Val Deleplace
Jun 18, 2018 · 8 min read

I ❤ waterfall latency charts!

Backend API calls latency, while handling 1 web request

What I call a “waterfall” is a bar diagram like this sketch, where the X axis is the elapsed time, and each span is an activity that starts at a specific time, and has a duration. A waterfall provides with a great instant insight of the performance of a compound process: Where was the time actually spent?

Today we’ll have a look at the server-side latency of a web request to a backend running on Google App Engine Standard.

Let’s build a simple dynamic front page for a Condor Observation Contest in 2023 (yay, the future):

The website, deployed on App Engine Standard

From the server point of view, the page involves 4 static elements:

  • the skeleton of the HTML document, with title
  • a picture of a condor
  • a CSS file
  • a favicon ;

and 3 dynamic elements :

  • the definition of “Condor”, retrieved with a REST call to a Wikipedia service
  • the current winner of the contest, and the details of their discovery, retrieved from the contest database : a Cloud SQL instance (MySQL flavor)
  • the page view counter, that we programmatically read from the Datastore.
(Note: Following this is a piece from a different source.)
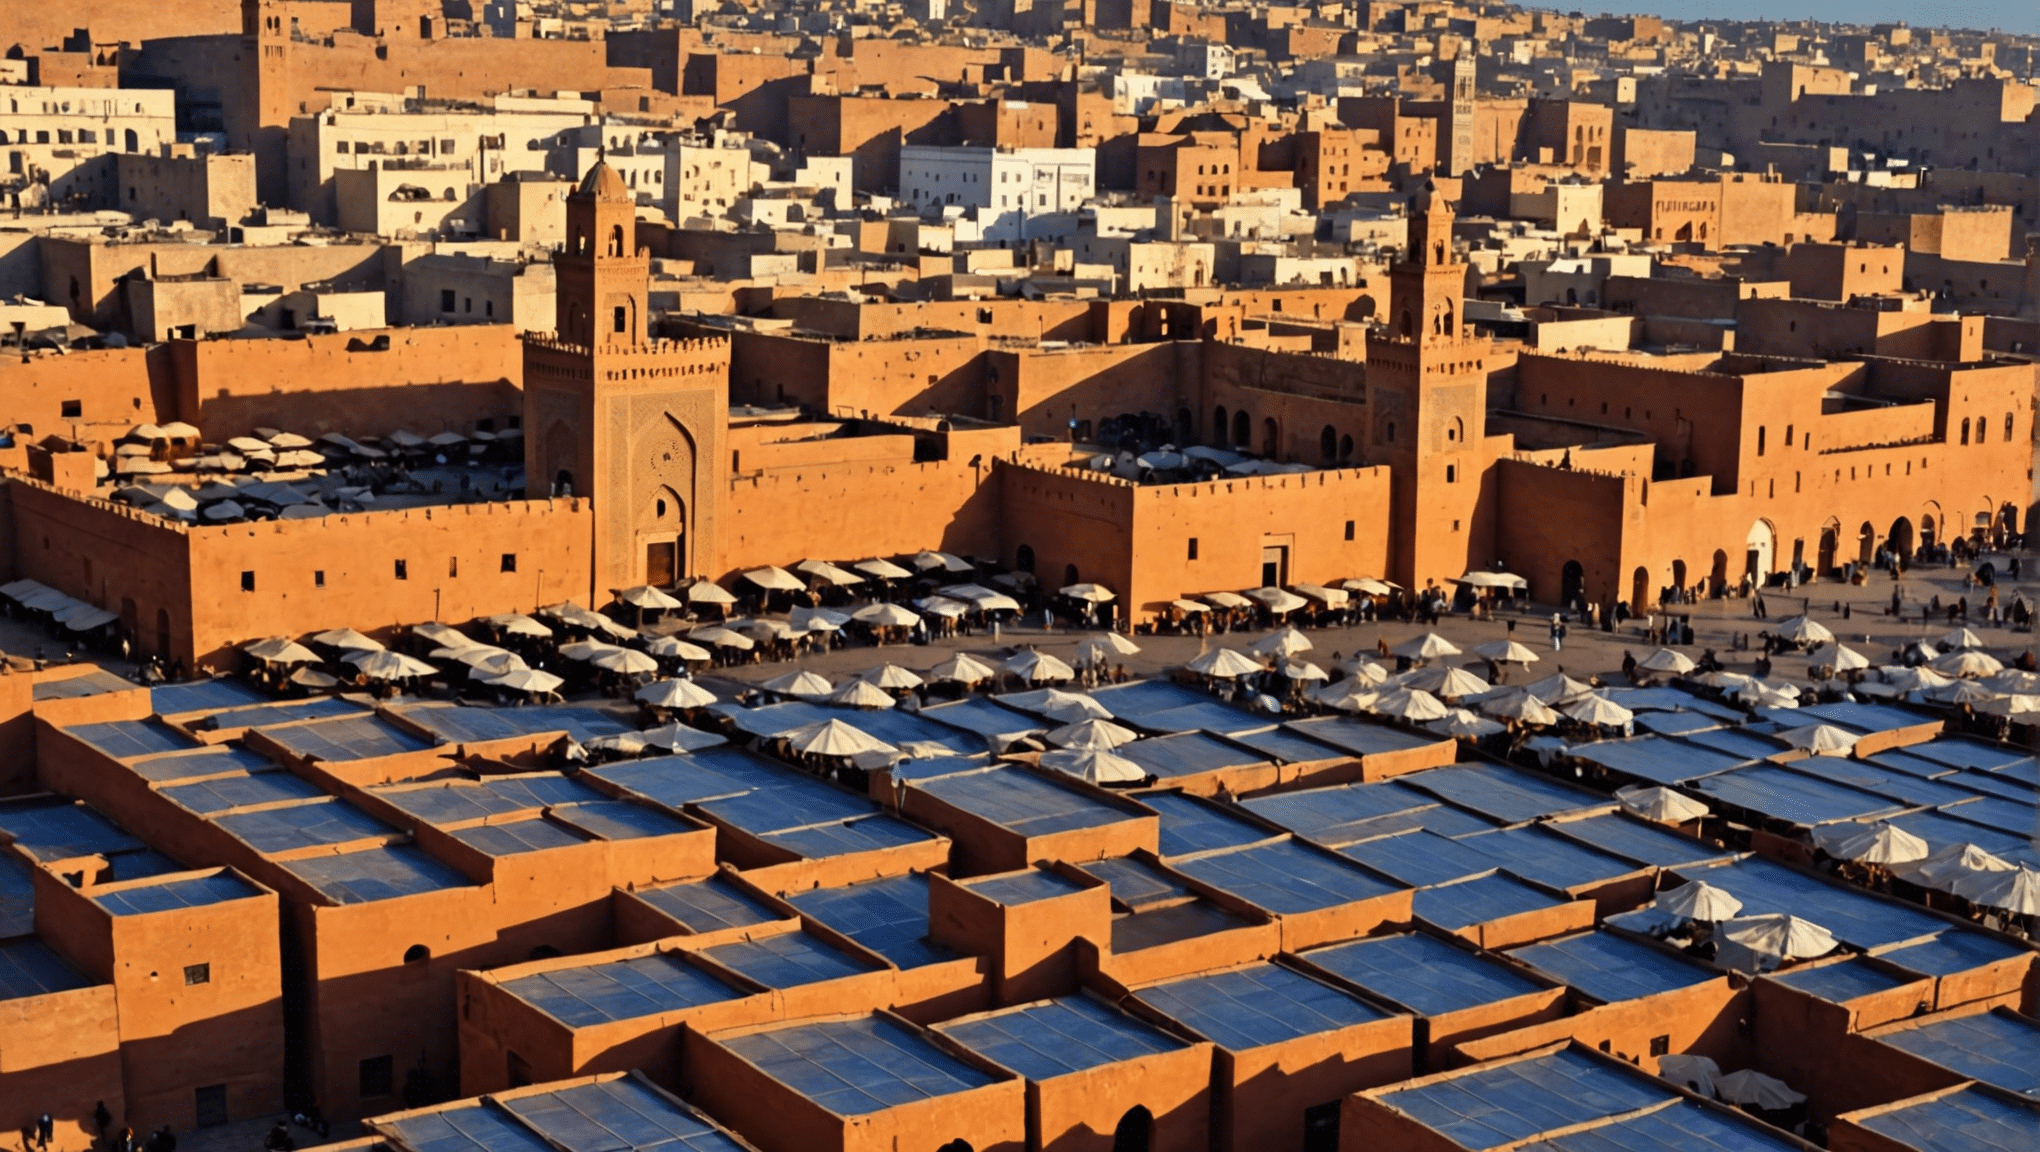 découvrez si le Maroc connaît des températures chaudes en janvier. Planifiez bien votre voyage avec ces informations essentielles sur le climat au Maroc au mois de janvier.

In this example, all the data of the dynamic elements are fetched server-side ; Then the backend uses a template to generate the HTML document to be sent to the browser.

The page view is very early in 2023, only a few observations have been collected, and the winning observation so far features 7 condors! Only the front page rendering with the ongoing high score is detailed here, not how to the data was fed into the database by the contestants (that’s a different process).

Here is the source code of the app. I opted for the Go runtime, but this is not important here because the total latency of the request handling is dominated by the latency of the API calls.

The same insights apply to all App Engine standard runtimes, so feel free to pick your favorite one among :

..and now also NodeJS !!

Regardless of the chosen language, here is what the waterfall looks like in Stackdriver Trace. To find a trace in your own project, open the Cloud Platform web console, go to Logging > Logs, click on the latency of a request, then View trace.

Click to zoom

Only the API calls are traced (blue spans). The internal processing of the incoming request by the GAE instance (i.e. all your code that is not an API call) is not traced here, just the total duration.

This trace (above) is observed with an early version of the app, where the API calls are performed sequentially. But it turns out that we can optimize this: As the 3 pieces of information (definition, winner, pageviews) are independent from each other, we can fetch them concurrently (see this commit)

Concurrent API calls reduce the total latency

Wow, this is a 3x speedup! The request was handled in 246ms, instead of 773ms. You can see some overlaps of the blue spans.

This includes only the server time, not the network time between the user and the Google infrastructure. Your mileage may vary : the processing time is sometimes substantially shorter or longer for no obvious reason, even when it’s not a loading request (cold boot).

Two days later, lots of observations have been reported by contestants, and a new record has been set:

This time I have to wait for 3 seconds, that’s a bit slow.

By the end of January, the record is even higher:

But to view the page, we’re waiting for a prohibitive 22 seconds :

In March, the page is down: Server time-out.

Ouch: Broken page

So what’s going on here? In the recent waterfalls, the span durations are obviously dwarfed by the huge total latency, which remains unexplained.

If you take a closer look at the blue spans, you’ll find a urlfetch call to Wikipedia, and a few Datastore calls that read and write the pageviews counter atomically (in a transaction). But oddly enough, nothing about the Cloud SQL queries. This actually works as documented :

Stackdriver Trace works with all App Engine APIs, with the exception of Cloud SQL.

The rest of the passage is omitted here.